Each row is a student who has answered a questionnaire on their satisfaction with teaching at their university, and each column is one of the questions they were asked. Often in data visualisation, we use a familiar two-dimensional format where one variable is represented by horizontal position and another by vertical position. This is easy to read but to include more variables, you have to use some tricks.

I’ll explore this with a simple example where we have three variables (which we can almost visualise in three dimensions as a cloud of dots, each observation getting a left-right location, a front-back location, and a up-down location from those three variables), and want to show it in two dimensions so that it can be printed on a page or shown on a screen.

First, imagine this cloud of dots. It is going to look like a murmuration of starlings — one of those huge, swirling, self-organising flocks, containing so many birds that they just appear to be minuscule dots — and when the photographer points the camera at it from a certain direction and clicks, the light arriving from the starlings lands on a two-dimensional surface inside the camera and is captured.

A murmuration of starlings at Rigg. Photograph by Walter Baxter. CC-BY-SA 2.0

From that direction, you get an idea of where the birds are to the photographer’s left, right, up and down orientations, but no idea of whether they are closer to, or further away from, the lens. You obtain a two-dimensional image but at some cost. You have projected the light from the starlings onto the camera at a certain angle, in straight lines, and this idea of a projection is one we need to grapple with.

In the book, I show this image, where I created a cloud of 1000 points, shaped like the planet Saturn. I used R and you can access the code at my webpage for the book. Each point has three coordinates: front-back, left-right and up-down. But we need to represent it on a page or screen, in just two dimensions.

The Saturn data shown in two dimensions by principal components analysis (PCA) on the left, and t-distributed stochastic neighbor embedding (t-SNE) on the right. Image by Robert Grant, copyright CRC Press.

There are many instances like this with even higher-dimensional data. Every variable that gives you values for observations in your data can be thought of as a dimension.

Here’s the same projections, but using colour to identify North (orange) and South (blue) in the left image and longitude (rainbow colours, sorry for offending any dataviz cognoscenti, but this is intended to show how the analysis works, rather than give real insights into the shape of Saturn) in the right image.

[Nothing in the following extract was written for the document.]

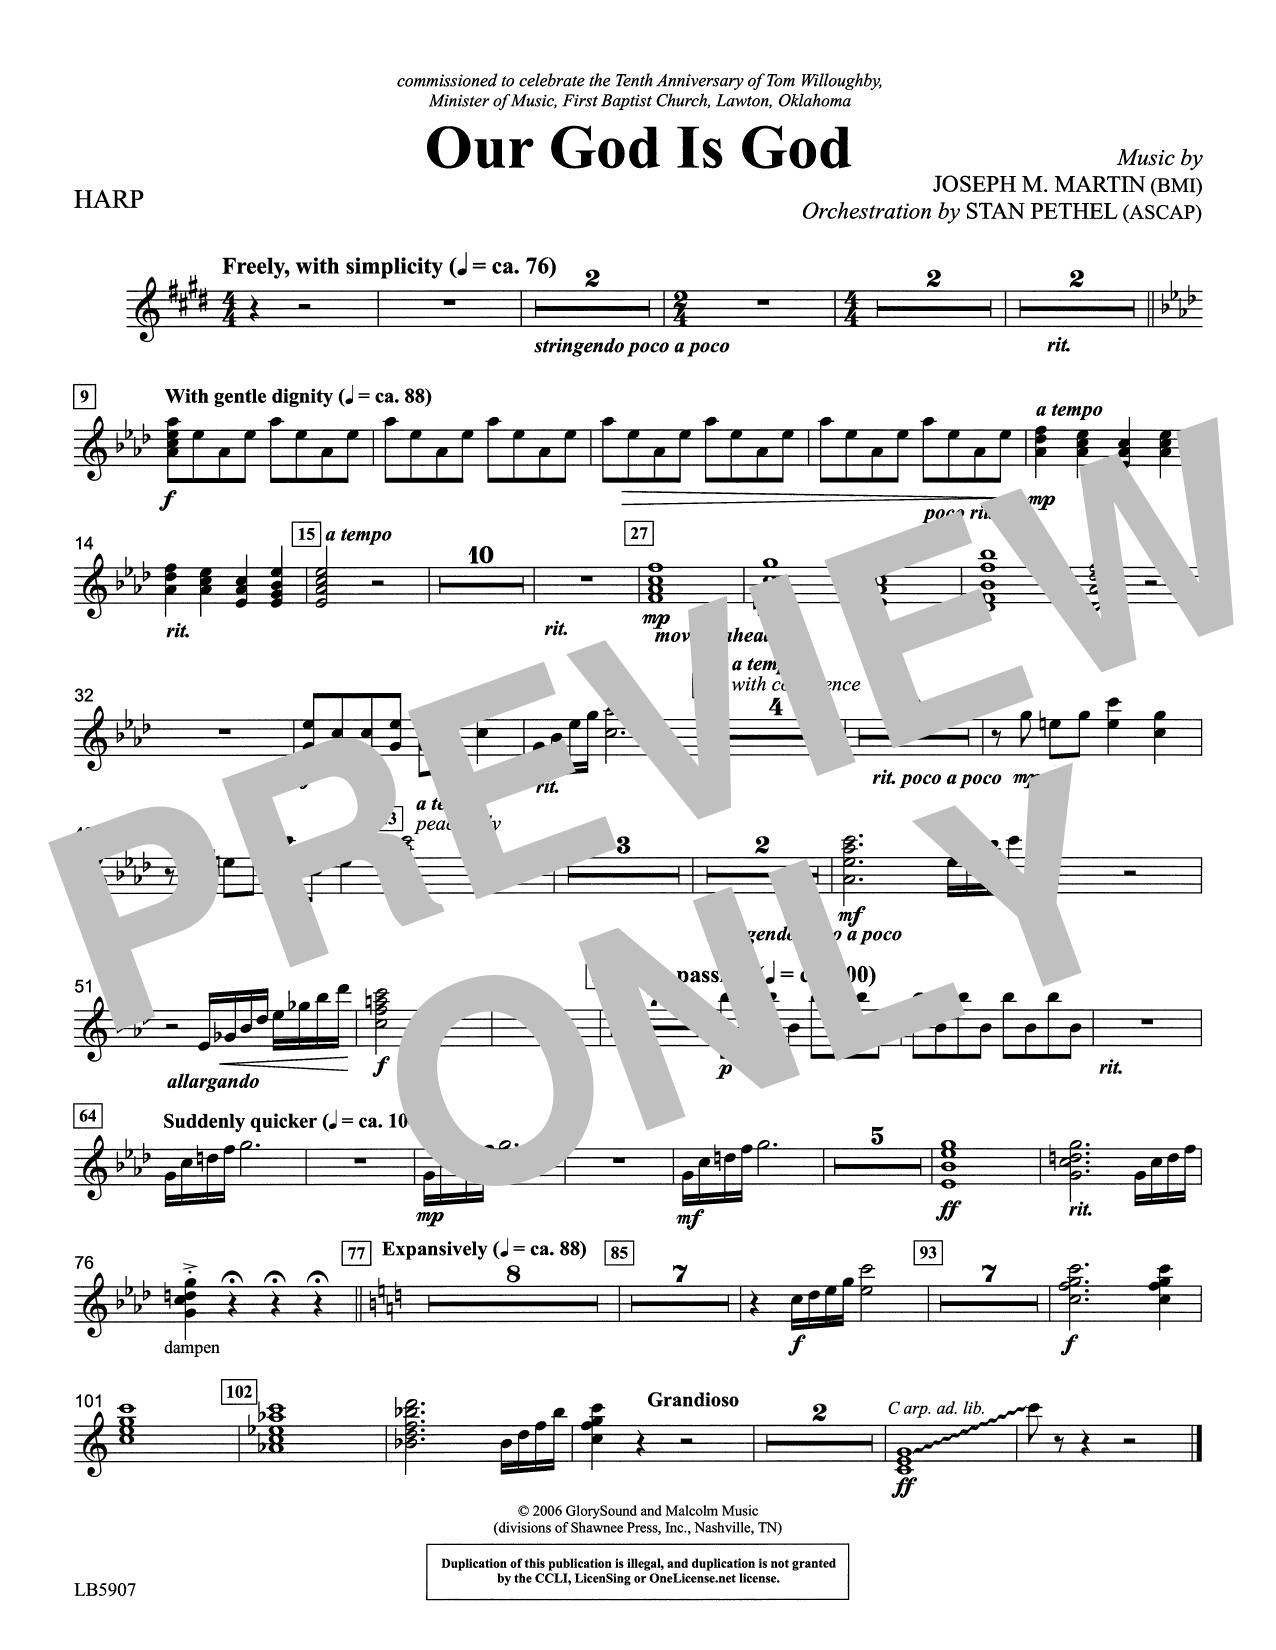 Our God Is God - Harp Sheet Music

This is the PCA projection, so it is just looking straight down from above the North pole. It appears oval just because of the aspect ratio when I created the graphs (I didn’t want them to take too much vertical space on the screen). Longitudes are separated but latitudes are mixed up. Points at the North pole are mingled with those from the South pole, despite being at opposite ends of the “planet”. PCA is doing its best to project into 2 dimensions, and with a sphere, there is no reason to pick one projection over another. However, the rings add extra data which push PCA towards looking directly down.

PCA chooses the direction along which you point the proverbial camera in order to capture as much variance as possible in the resulting image, and sometimes that’s what you want, but sometimes you need to think about it and overrule PCA to show something more meaningful. Notably, it might be that two dimensions just doesn’t capture enough of the variance, and more than one image is called for. I’ll leave the details of how you make that decision, and what to do for multiple images, aside for now. It’s best at that point to involve an expert in multivariate statistics anyway, rather than trying to wing it.

PCA is like the photograph I described above. Every point is projected by a straight line to the camera, and those lines are all straight and parallel. Mathematically, we call it isotropic: the surfaces are all the same. But sometimes we can understand patterns in the data better by warping the lines of projection, and that’s called aniostropic. Some regions might be squashed together and other stretched apart. Support vector machines or Procrustes analysis of shapes use aniostropic projections too, for different purposes in the world of statistics.

Now, let’s look at the t-SNE projections.

t-SNE is an iterative procedure; it tries various warpings, and keeps moving towards a better separation of points that are distant in the full 3-dimensional space (or higher, if your data have more than three variables). There’s no shortcut calculation that can take it straight to the optimal warp, and in fact there’s no guarantee that its iterations will arrive at the optimum in the end. But in dataviz, there generally is no optimum anyway; we have to compromise and present our message clearly without misleading the reader.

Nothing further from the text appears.